DATA SUPPLIED:
::::

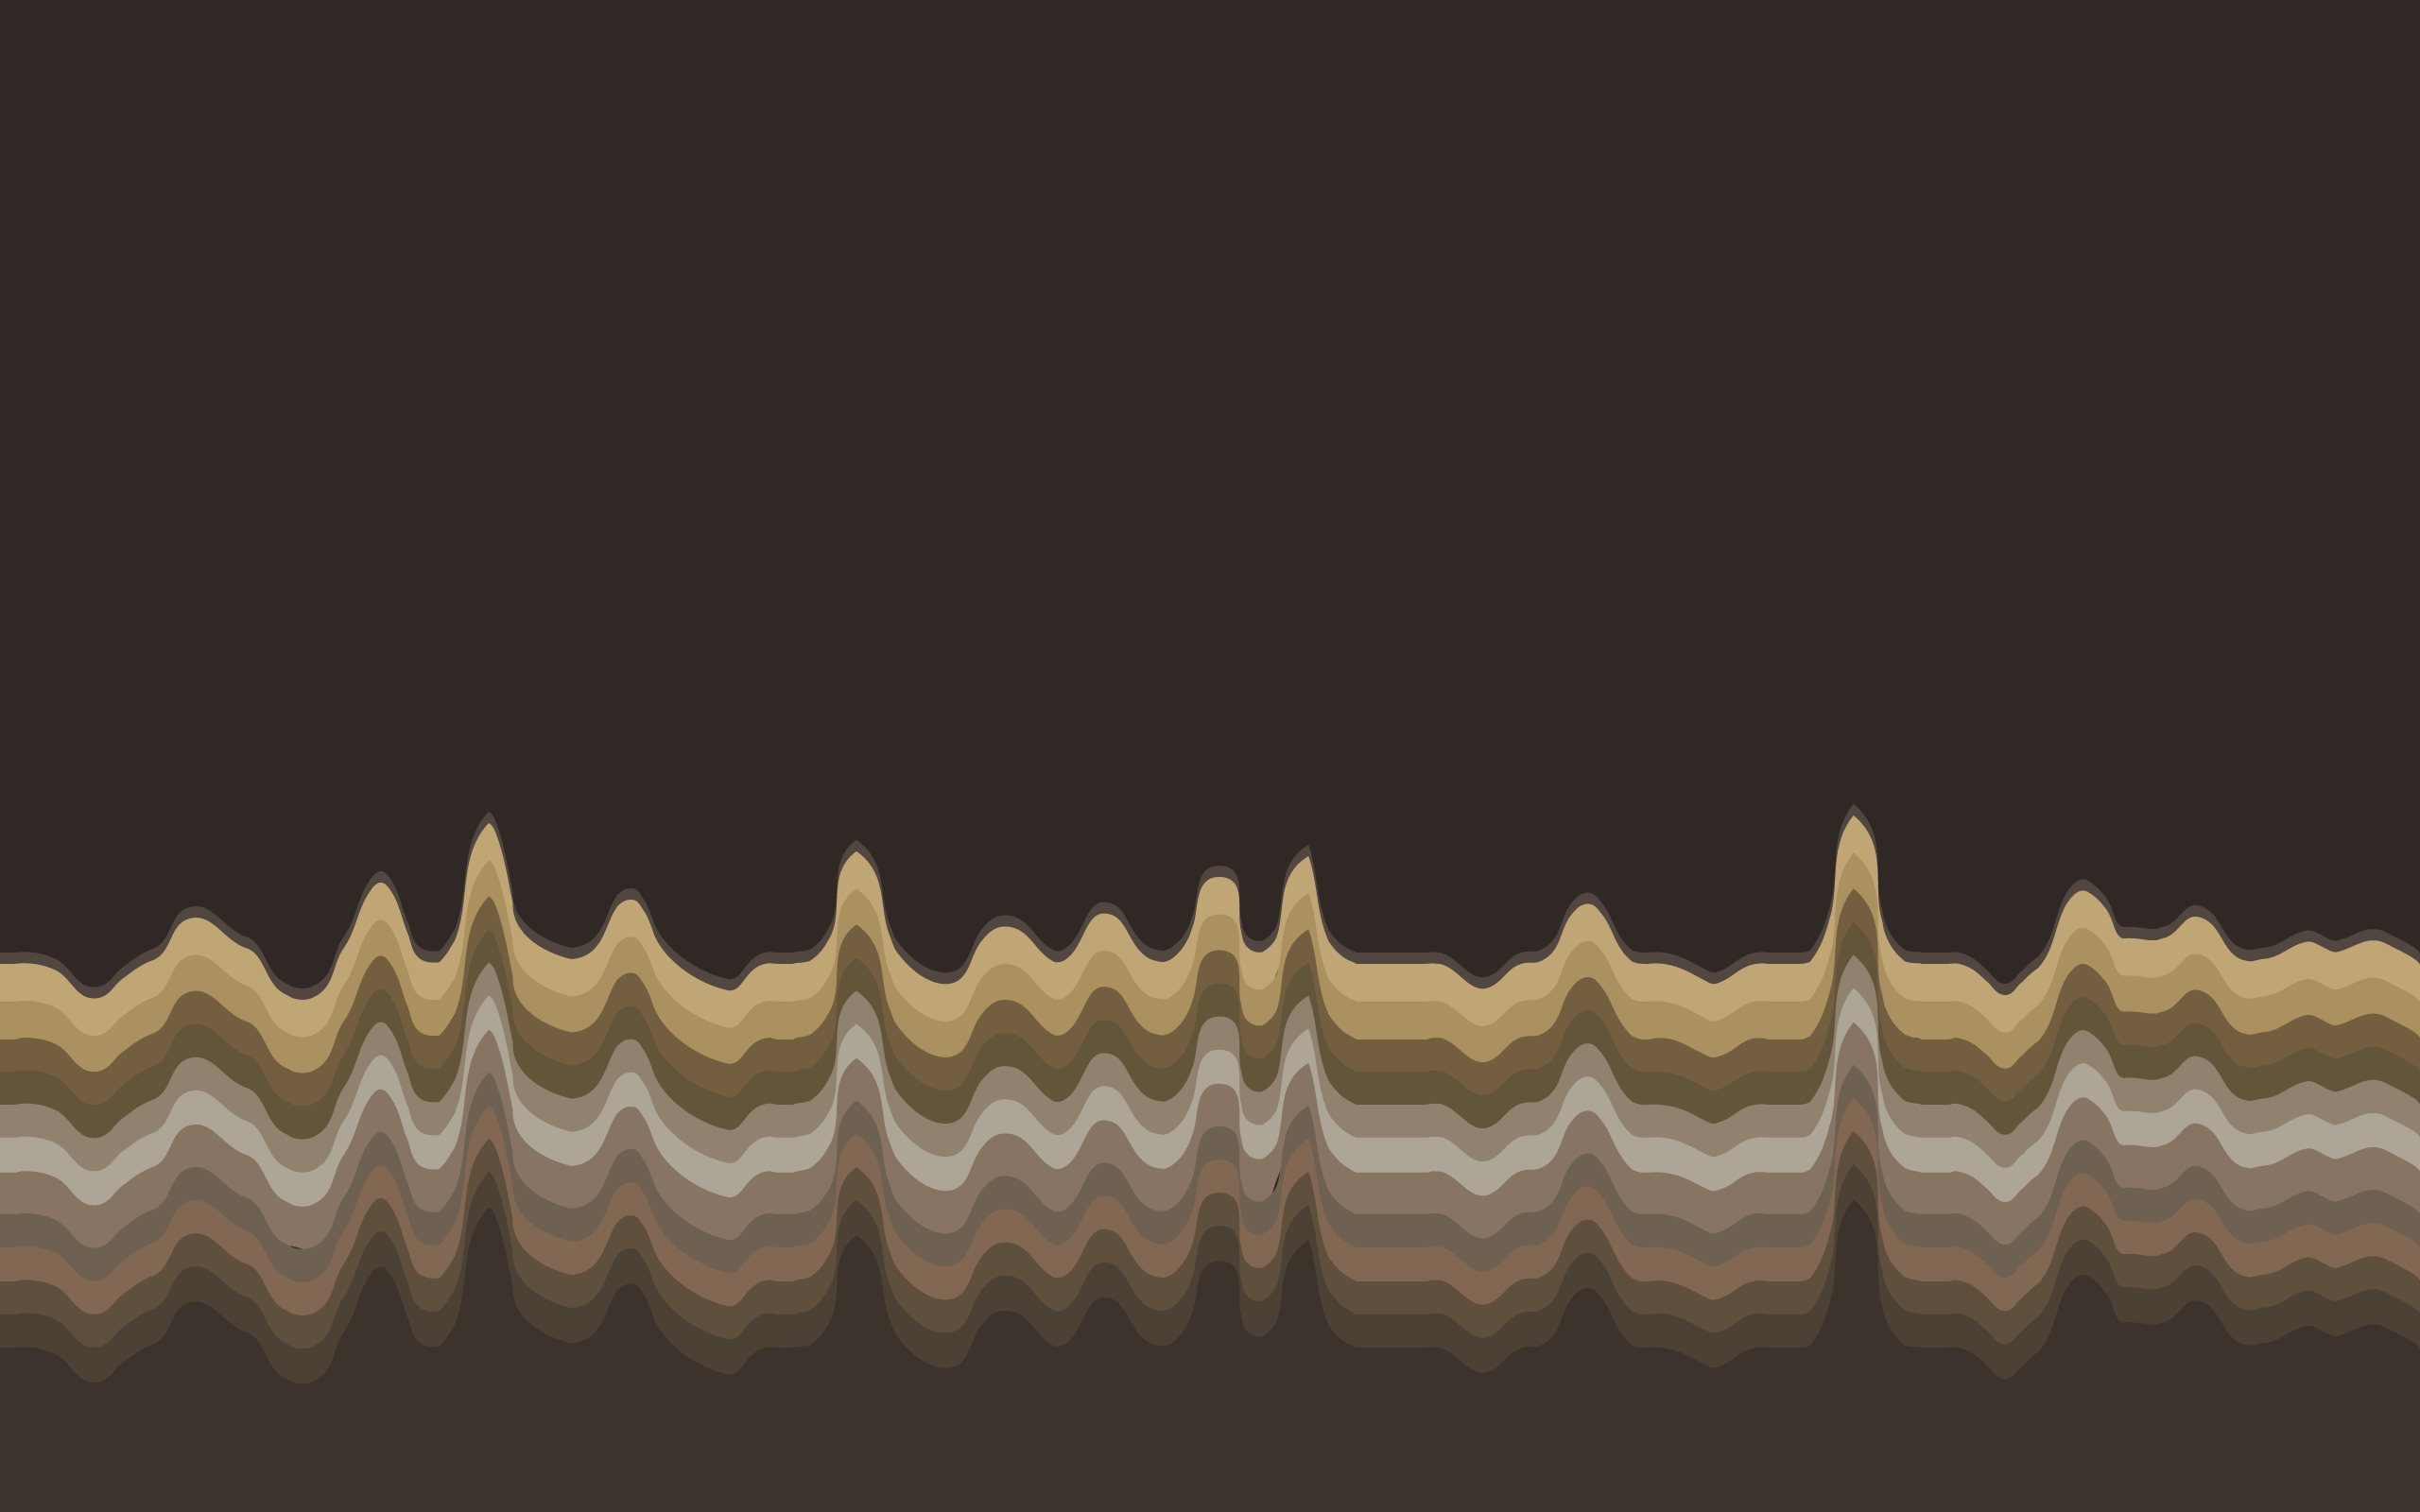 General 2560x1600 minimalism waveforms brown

::::

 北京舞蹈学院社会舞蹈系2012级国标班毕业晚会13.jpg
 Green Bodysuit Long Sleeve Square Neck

::::

EXERCISE DIRECTIONS:
Would you print, exactly as written, every line above from the one holding "北京舞蹈学院社会舞蹈系2012级国标班毕业晚会13.jpg" through the one holding "Green Bodysuit Long Sleeve Square Neck", with both included and no other lines?

SOLUTION TO THIS PROBLEM:
 北京舞蹈学院社会舞蹈系2012级国标班毕业晚会13.jpg
 Green Bodysuit Long Sleeve Square Neck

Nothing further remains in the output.